The blind eye, of course, will never recognize him, which is why I devote this chapter and the next to removing the blinders, to revealing the truths and the myths about the disguises someone might use to victimize you.
I’ll start with a hackneyed myth you’ll recognize from plenty of TV news reports: “Residents here describe the killer as a shy man who kept to himself. They say he was a quiet and cordial neighbor.”
Aren’t you tired of this? A more accurate and honest way for TV news to interpret the banal interviews they conduct with neighbors would be to report, “Neighbors didn’t know anything relevant.” Instead, news reporters present non information as if it is information. They might as well say (and sometimes do), “The tollbooth operator who’d taken his quarters for years described the killer as quiet and normal.” By the frequency of this cliché, you could almost believe that apparent normalcy is a pre-incident indicator for aberrant crime. It isn’t.
One thing that does predict violent criminality is violence in one’s childhood. For example, Ressler’s research confirmed an astonishingly consistent statistic about serial killers: 100 percent had been abused as children, either with violence, neglect, or humiliation.
You wouldn’t think so by the TV news reports on the early family life of one accused serial killer, Ted Kaczynski, believed to be the Unabomber. They told us that his mother was “a nice woman, well-liked by neighbors,” as if that has any bearing on anything. Neighbors usually have only one qualification for being in news reports: They are willing to speak to reporters. Don’t you think something more than the neighbors knew about might have gone on in that home when Ted and his brother, David, were children?
Just look at a few facts about the family: The Kaczynski’s raised two boys, both of whom dropped out of society as adults and lived anti-social, isolated lives. One of them lived for a time in a ditch he dug in the ground—and that was the sane one, David, who didn’t end up killing anybody. If prosecutors are right, then the “crazy” one, Ted, grew up to become a brutal remote-control serial killer. Yet neighbors tell reporters that they saw nothing unusual, and reporters tell us the family was normal, and the myth that violence comes out of nowhere is pe
rpetuated.
I don’t mean here to indict all parents who raise violent children, for there are cases in which awful acts are committed by people with organic mental disorders, those the National Alliance of Mental Illness correctly terms “No-fault Diseases.” (It is also true that many people with mental illnesses were abused as children.) Genetic pre-dispositions may also play some role in violence, but whatever cards are dealt to a family, parents have at a minimum what Daniel Goleman, author of Emotional Intelligence calls “a window of opportunity.”
That window was slammed shut during the childhoods of most violent people.

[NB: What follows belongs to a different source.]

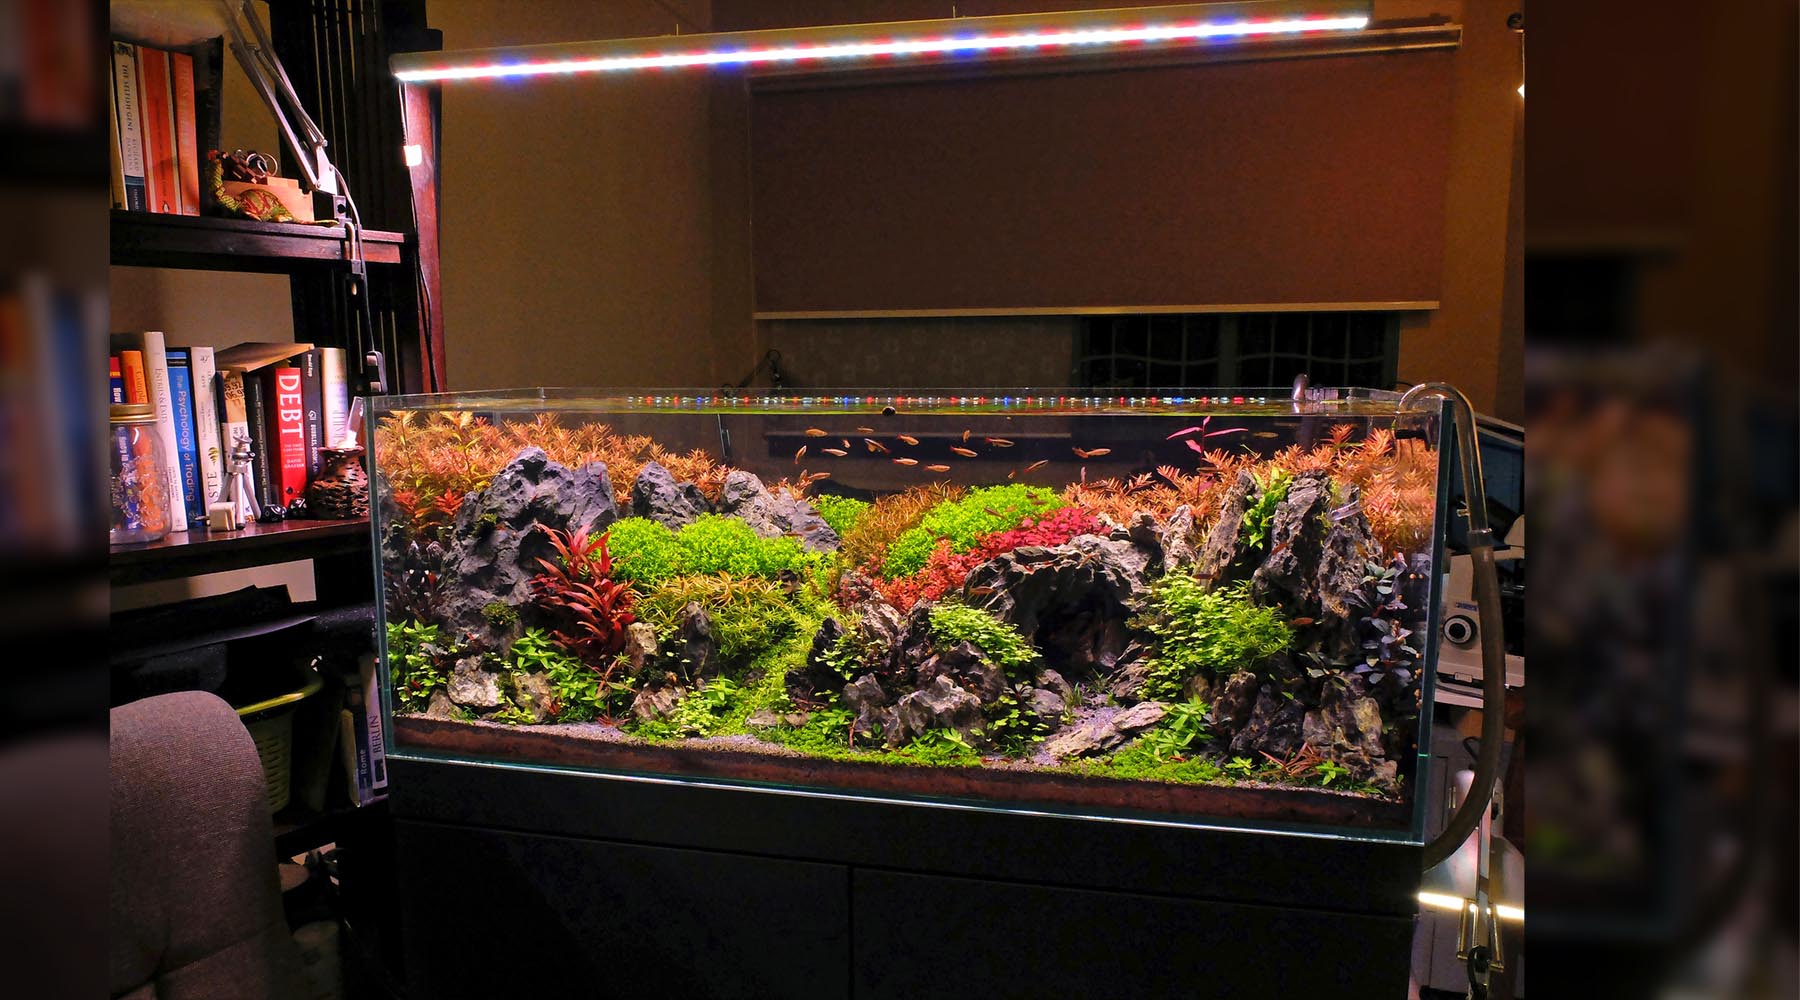 Dennis’s tank uses a custom build BML LED aquarium light for this planted tank. You can see the mix of Red, Blue and Warm white LEDs mixed with neutral white LEDs being used. Read this guide to find out how to choose the best aquarium lights for your planted tanks.

To understand who these mistreated children become, we must start where they started: as regular people. One of them grew up to rape Kelly and kill another woman, one of them murdered Rebecca Schaeffer, one of them killed a police officer just after Robert Thompson left that convenience store, and one of them wrote the book you are reading. Difficult childhoods excuse nothing, but they explain many things—just as your childhood does. Thinking about that introspectively is the best way to sharpen your ability to predict what others will do. Ask and answer why you do what you do.